IMU Data Processing System

This project implements a publisher-subscriber system for IMU (Inertial Measurement Unit) data using Unix domain sockets. It includes AHRS (Attitude and Heading Reference System) algorithms for orientation estimation.

Overview

The system consists of two main components:

1. Publisher: Generates IMU data (either random or from a file) and publishes it to subscribers.
2. Subscriber: Receives IMU data from the publisher, processes it with AHRS algorithms, and displays the results.

Features

• Unix domain socket communication between publisher and subscriber
• Multiple subscriber support
• Configurable data generation frequency
• Timeout handling for detecting disconnected publishers
• AHRS algorithms for orientation estimation
• Clean object-oriented design with factory pattern for AHRS creation
• Real-time execution support (experimental)

Architecture

The system is built with a modular, object-oriented design following these key principles:

• Separation of Concerns: Each component has a specific responsibility
• Dependency Injection: Components depend on abstractions, not concrete implementations
• Interface-Based Design: Abstractions define contracts that implementations must fulfill

Communication

The system uses Unix domain datagram sockets for communication. The publisher creates a socket and listens for registration messages from subscribers. Once a subscriber registers, the publisher sends IMU data to all registered subscribers.

Key Components

1. IMUSocketHandler: Base class providing common socket functionality
2. IMUPublisher: Publishes IMU data to registered subscribers
3. IMUSubscriber: Receives IMU data from the publisher
4. IMUDataProvider: Interface for obtaining IMU data
5. RandomIMUDataProvider: Implementation that generates random IMU data
6. AHRS: Abstract base class for orientation estimation algorithms
7. AHRSFactory: Factory for creating AHRS instances based on user selection

Building

mkdir build
cd build
cmake ..
make

Usage

Publisher

./publisher --socket-path /tmp/imu_socket --frequency-hz 100 --log-level INFO [--real-time] [--priority 80] [--policy FIFO]

Options:

• --socket-path: Path to the Unix domain socket
• --frequency-hz: Data generation frequency in Hz
• --log-level: Logging level (TRACE, DEBUG, INFO, WARN, ERROR)
• --real-time: Enable real-time thread configuration
• --priority: Thread priority (1-99, only with --real-time)
• --policy: Scheduling policy (FIFO or RR, only with --real-time)

Subscriber

./subscriber --socket-path /tmp/imu_socket --log-level INFO --timeout-ms 5000 --ahrs-type madgwick [--real-time] [--priority 75] [--policy FIFO]

Options:

• --socket-path: Path to the Unix domain socket (must match publisher)
• --log-level: Logging level (TRACE, DEBUG, INFO, WARN, ERROR)
• --timeout-ms: Timeout in milliseconds for detecting disconnected publisher
• --ahrs-type: AHRS algorithm to use (none, madgwick, simple)
• --real-time: Enable real-time thread configuration
• --priority: Thread priority (1-99, only with --real-time)
• --policy: Scheduling policy (FIFO or RR, only with --real-time)

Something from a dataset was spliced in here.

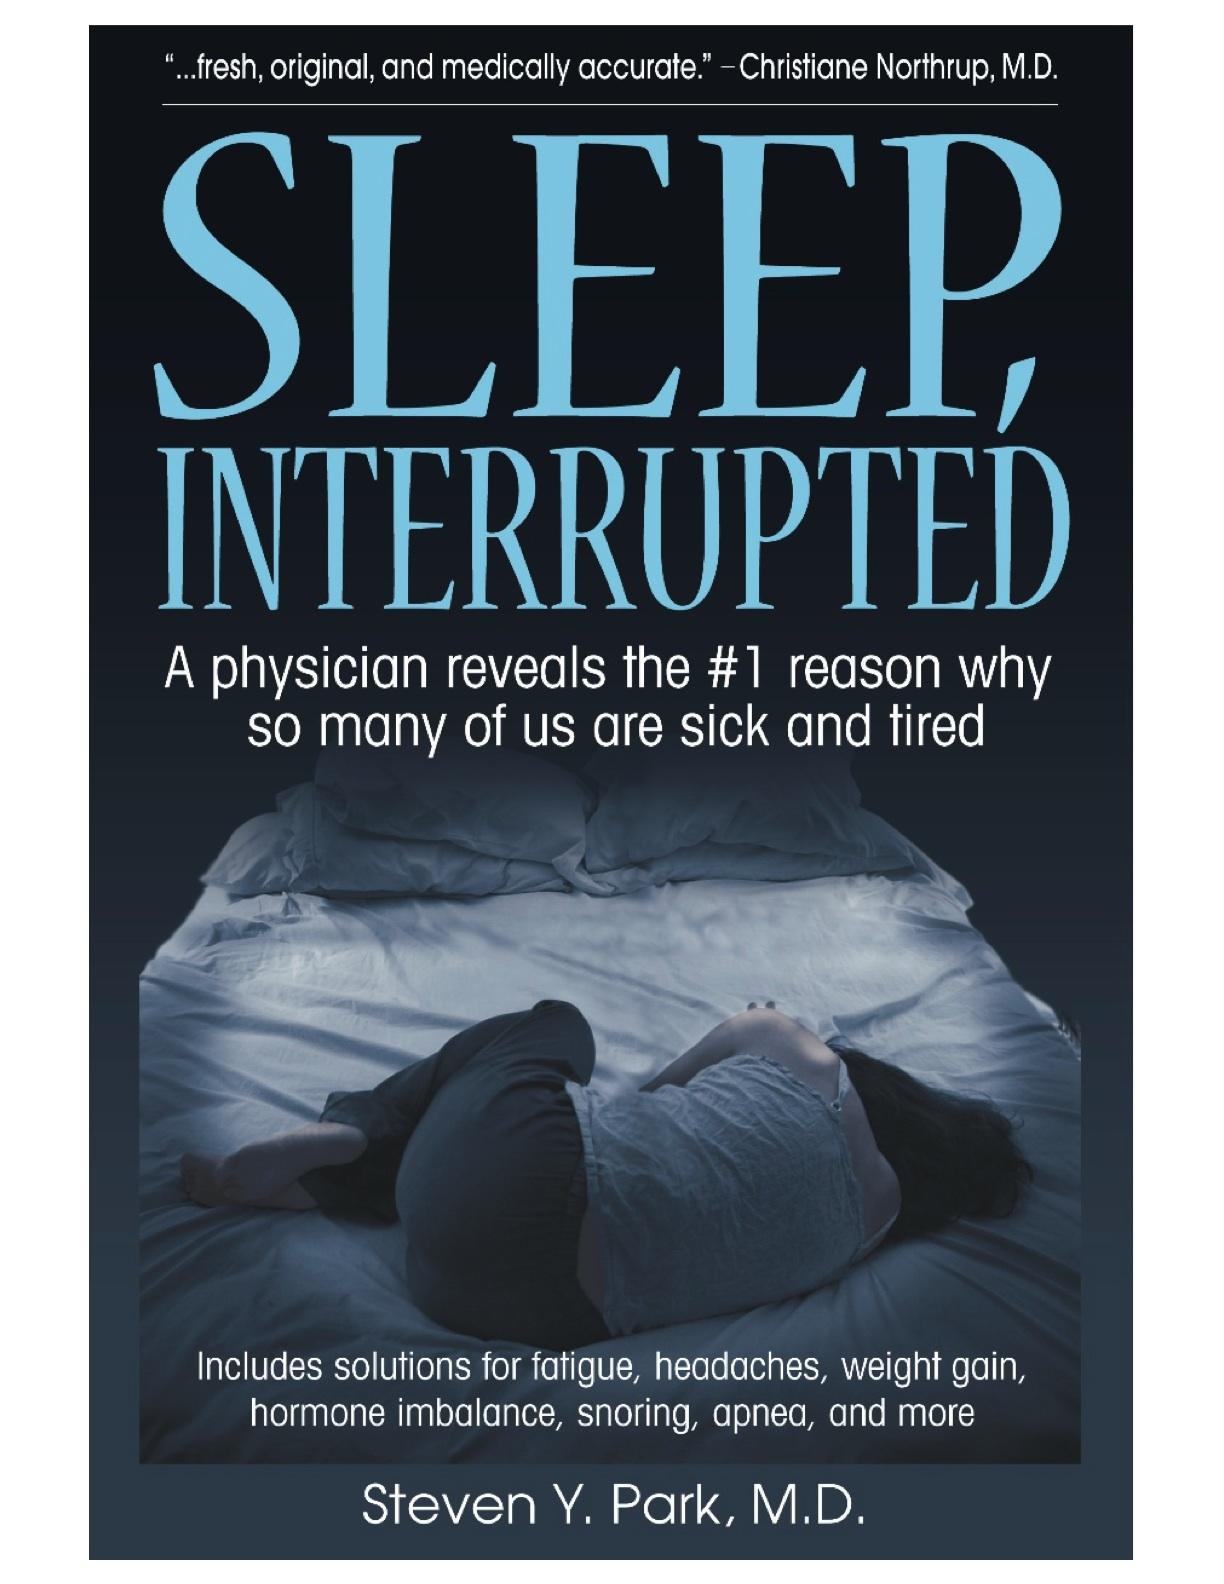 Sleep interrupted ebook doctor steven y park md new york sleep fandeluxe Ebook collections

Real-Time Execution Support (Experimental)

⚠️ IMPORTANT: The real-time features have not been tested in a real-time environment. Use at your own risk.

The system includes experimental support for real-time execution with the following features:

• Real-time thread scheduling (SCHED_FIFO or SCHED_RR)
• Configurable thread priorities (1-99)
• Memory locking to prevent paging
• Priority inheritance for mutexes
• Separate priority levels for publisher and subscriber

Real-Time Requirements

To use real-time features:

1. System Requirements:

   • Real-time kernel (PREEMPT_RT patch or similar)
   • Appropriate user permissions for real-time scheduling

2. System Configuration:

   # Add to /etc/security/limits.conf:
   your_username    hard    rtprio    99
   your_username    soft    rtprio    99

3. Recommended Practices:

   • Disable CPU frequency scaling
   • Disable power management features
   • Consider CPU isolation using kernel boot parameters
   • Configure network interfaces with appropriate priorities

Real-Time Usage Example

# Publisher with real-time enabled
sudo ./publisher --socket-path /tmp/imu_socket --frequency-hz 100 --real-time --priority 80 --policy FIFO

# Subscriber with real-time enabled
sudo ./subscriber --socket-path /tmp/imu_socket --timeout-ms 5000 --ahrs-type madgwick --real-time --priority 75 --policy FIFO

Design Patterns

The project uses several design patterns:

1. Factory Pattern: The AHRSFactory creates appropriate AHRS instances based on user selection.
2. Strategy Pattern: Different AHRS algorithms implement the same interface, allowing them to be used interchangeably.
3. Observer Pattern: The publisher-subscriber model follows the observer pattern.
4. Template Method Pattern: Base classes define the skeleton of operations, with specific steps implemented by derived classes.

Modern C++ Features

The project demonstrates several modern C++17 features:

1. std::optional and std::variant: Demonstrated as an alternative to inheritance-based polymorphism in the VariantAHRS class.

Thread Safety

• The publisher uses mutex protection for the subscriber list
• The subscriber implements timeout detection for publisher failures
• Both components handle graceful termination with proper resource cleanup

Resource Management

• Automatic cleanup of socket resources in destructors
• Detection and removal of disconnected subscribers
• Proper signal handling for graceful shutdown

Dependencies

• C++17 compatible compiler
• CMake 3.10 or higher
• spdlog for logging
• pthread for threading